睁开眼睛看到方弈柏,他有些迁怒,“把我衣服拿过来。”
明明他的衣服都是前一天管家搭配好之后放在衣帽间,等他自己起床换的。但是方弈柏还是照做了,把衣服给谢凛拿到床头边。然后谢凛抬手捂住脸,让方弈柏出去了。
这天,谢凛自己打脸式地让方弈柏帮他系了领带。
是啊,他坚持的底线是什么呢?
扭捏的是什么呢?
——他不是从把他掳过来的第一天开始就想要艹他吗?
方弈柏在他的胸前打了一个半温莎结。
谢凛想着,这就是和谢焕一模一样的领带结了。
方弈柏在给谢焕打领带节的时候会做什么呢?离得那样近,呼吸相闻……方弈柏也许光着腿穿着t恤,就像录像视频里的一样。

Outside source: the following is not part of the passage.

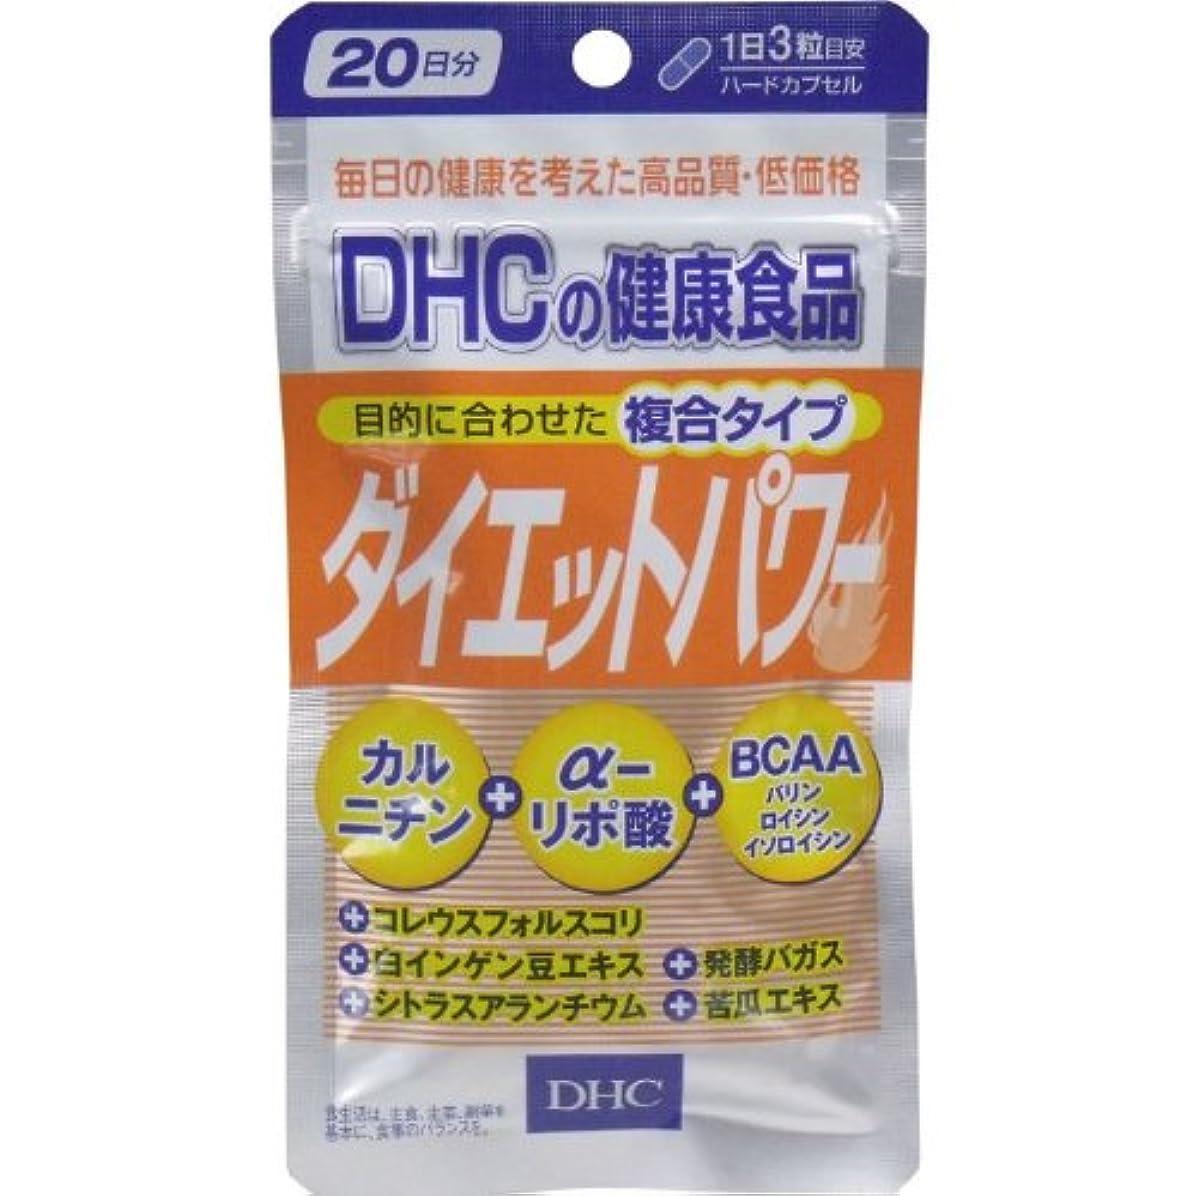 嫌がらせその他ライターDHC ダイエットパワー 60粒入 20日分【4個セット】

只要稍一抬手撩开衣摆就能摸到那截纤腰,轻薄柔韧的腰身,优越的轮廓线使得手掌感受到的弧度十分完美。
是的,他碰触过便知道多么使人上瘾。
在那腰上一按,人就会贴到他的胸前……方弈柏的嘴唇最适合接吻。
他们会在衣帽间里激烈地拥吻,无所顾忌。
方弈柏那么轻那么软,随随便便就能推倒,甚至他修长的腿会打-开。
谢凛手上的筋猛地绷紧,将犹在整理领带的方弈柏推到墙上,吻上他。
家里的地暖很足,方弈柏穿得很单薄,黑t恤,棉麻裤子,挂在身上,形同虚设。
谢凛完全发泄着心中的欲虐欲,方弈柏一开始被推倒时惊了一下,猝不及防,像猫儿一样叫了两声。